Pour Mme et M. Tout-le-monde, il peut paraître difficile d’imaginer de nouveaux designs pour des objets du quotidien (prenez une feuille blanche, un crayon et essayez…).

Ionna a quelques réflexes pour vaincre les biais de fixation quand elle travaille sur un projet pour un client : « Je cherche tout d’abord à comprendre son univers et son esprit. Puis je me documente dans des livres et des catalogues, sur l’aspect design mais aussi sur les procédés de fabrication. Quant à l’inspiration, elle peut venir de visites d’expositions, de balade dans la nature, de constructions architecturales, de découvertes d’usines… Par exemple, la visite de la Cité du Train à Mulhouse m’a éclairé sur l’histoire de l’art, de l’industrie et de la technologie dans le milieu ferroviaire et m’a inspirée pour créer la lampe TGV. La lampe Binic quant à elle est inspirée de l’univers marin, avec l’allure des manches à air arpentant les ponts des bateaux ».

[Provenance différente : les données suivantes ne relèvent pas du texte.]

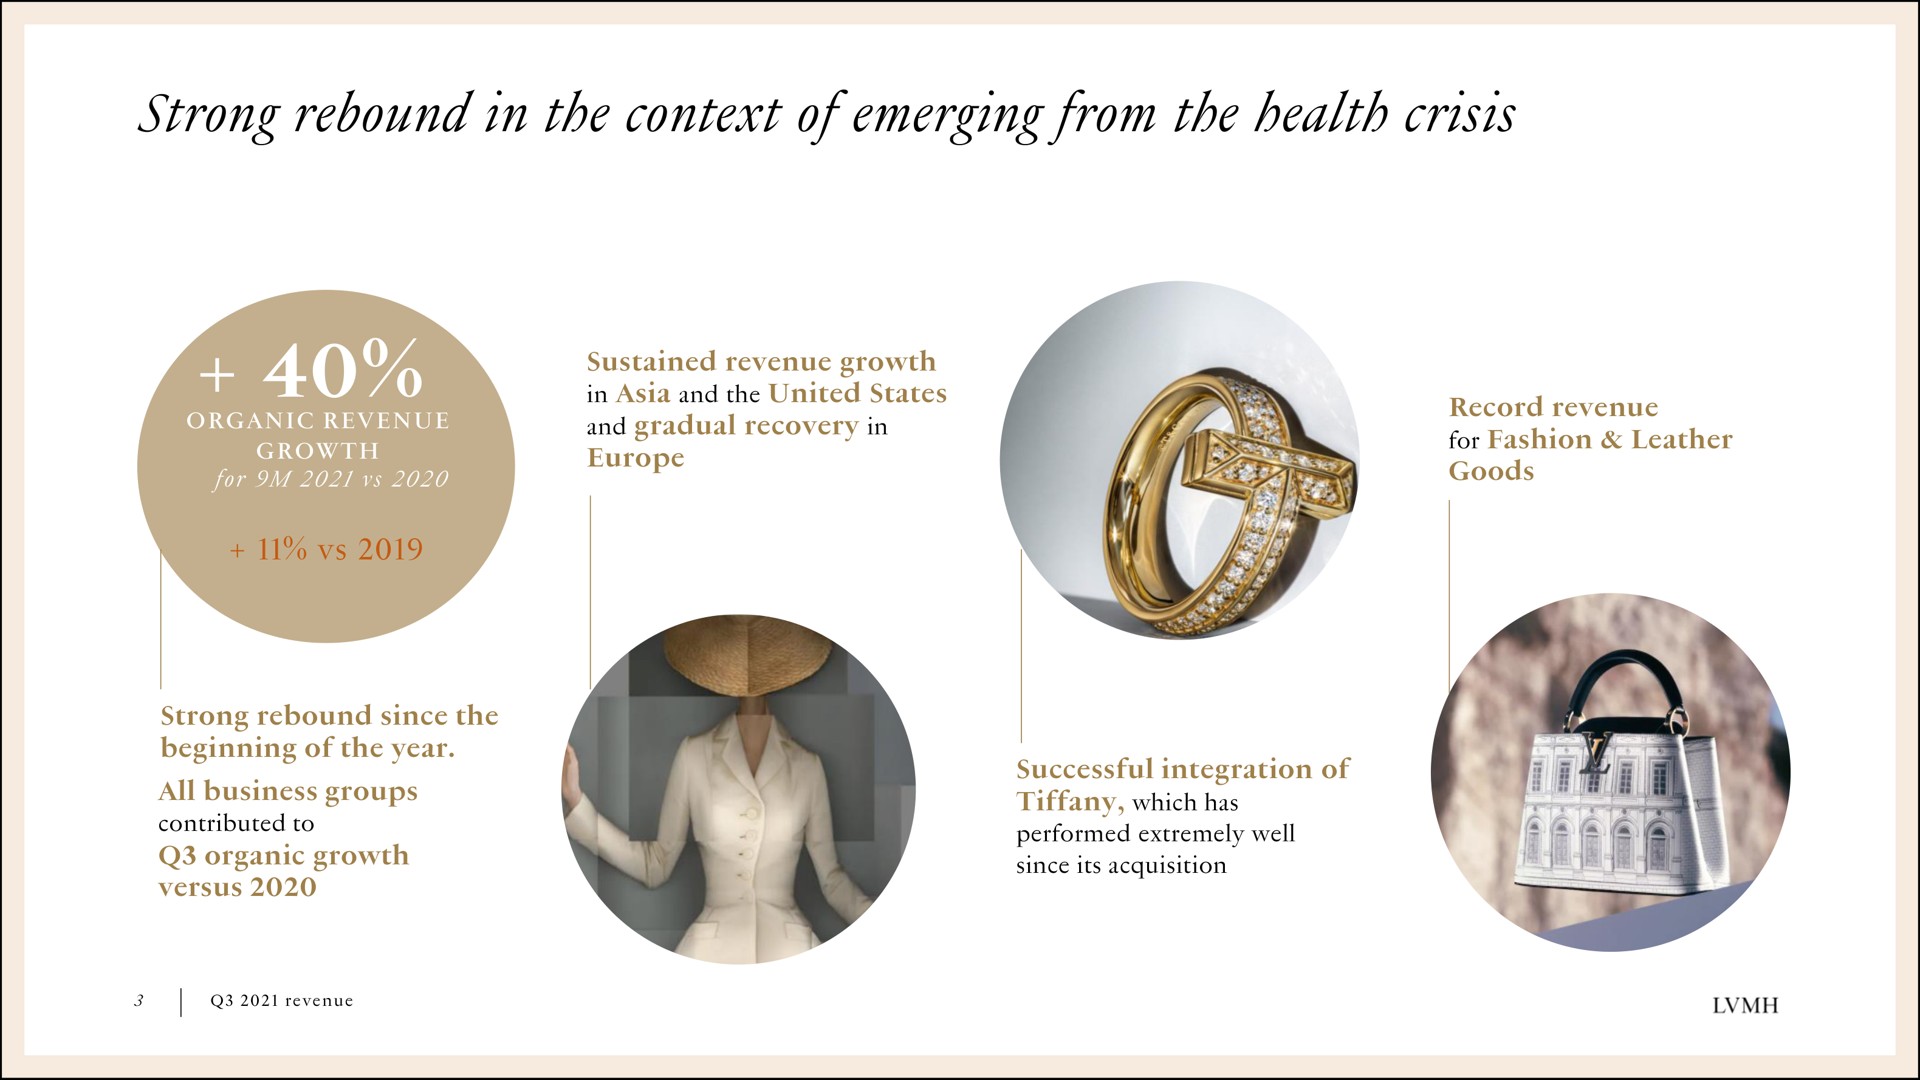 strong rebound in the context of emerging from the health crisis | LVMH

Nourrir son cerveau d’univers différents, voilà un secret que les personnes créatives ont en commun. La nature ayant horreur du vide, le cerveau a cette faculté de faire des ponts pour relier ces univers, et ce faisant il peut imaginer des choses qui n’existent pas… à condition qu’on l’y autorise ! Combien de séances de créativité ou de Brainstorming finissent sans résultat probant par manque d’autorisation au lâcher-prise ? La créativité fonctionne avec la liberté d’esprit, une preuve étant les rêves sans queue ni tête que nous faisons la nuit lorsque la conscience ne contrôle plus les idées.

En plus d’être voyageuse, Ionna est donc aussi exploratrice d’univers. Souvenez-vous, elle avait hésité au moment du choix de ses études entre cuisine et design… Mais pourquoi diable choisir ? Ionna a passé il y a quelques années un CAP cuisine en cours du soir, et plus récemment, un autre CAP de tourneur céramique. « Ce sont des passions que j’ai depuis enfant, et qui me permettent de réaliser un processus complet, de l’idée à un produit concret ».

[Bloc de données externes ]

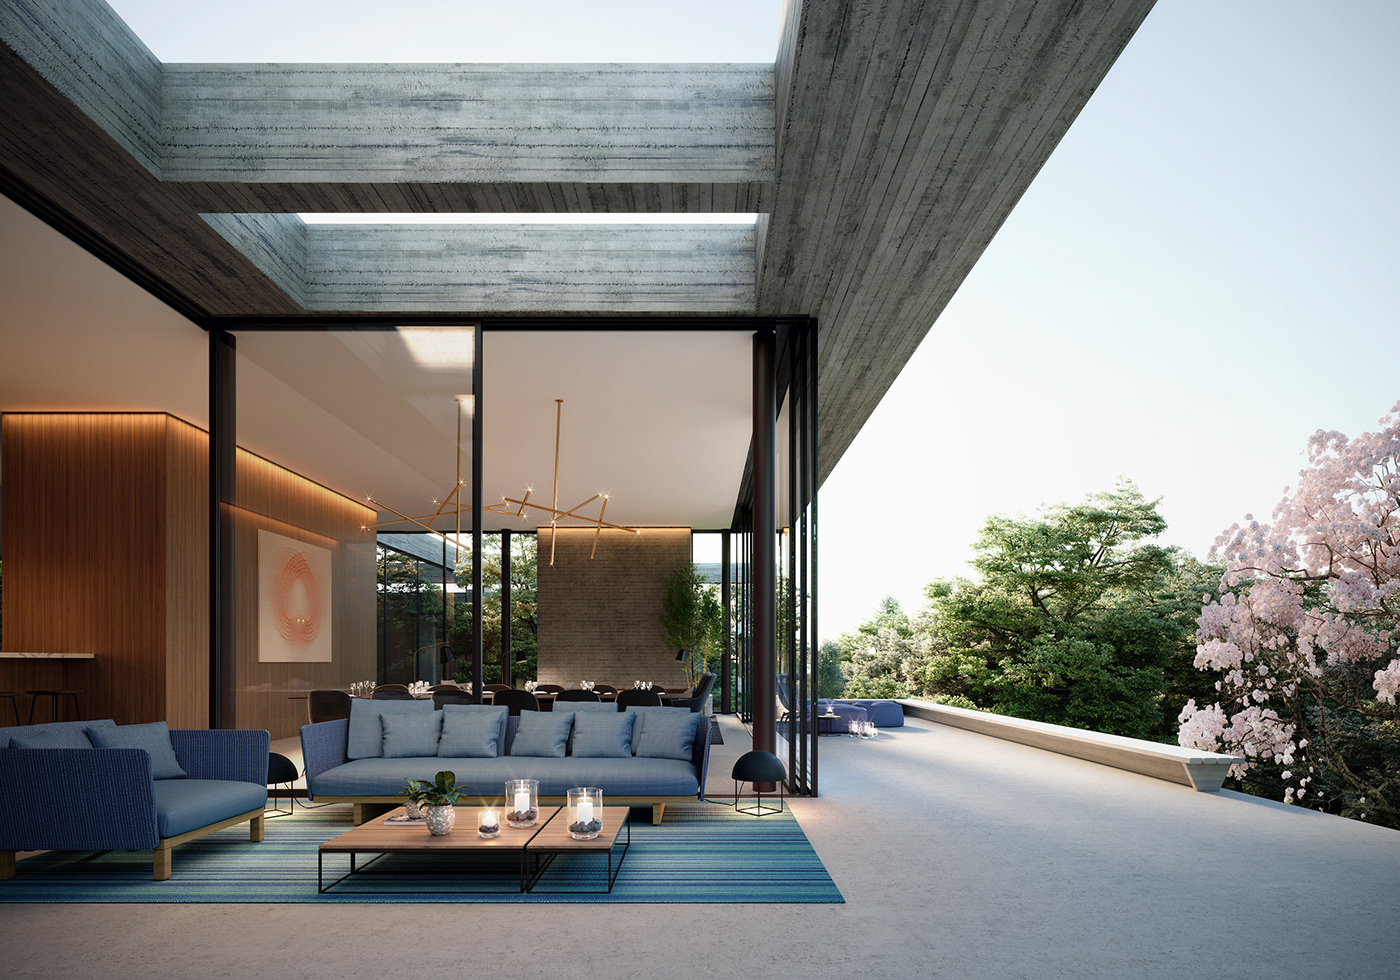 architecture mader Brazilian Architecture summit visual modernism CGI corona renderer rendering 3ds max house

Nul doute que la prochaine étape sera pour elle d’allier le design avec ses deux autres passions. Comment s’y prendra-t-elle ? Comme elle le dit avec humilité à ceux qui lui demandent comment innover : « Je ne me considère pas comme innovatrice alors difficile de donner des conseils. Il y a des méthodologies comme le « Design Thinking » ou le « design fiction ». Personnellement je ne pratique pas ces stratégies, je suis plus dans le ressenti ».

Le « ressenti » et « l’intuition » sont-ils des concepts entendables dans les entreprises ? Dans un monde « VUCA » (Volatility, Uncertainty, Complexity and Ambiguity), le salut viendra peut-être de la libération de ces énergies-là.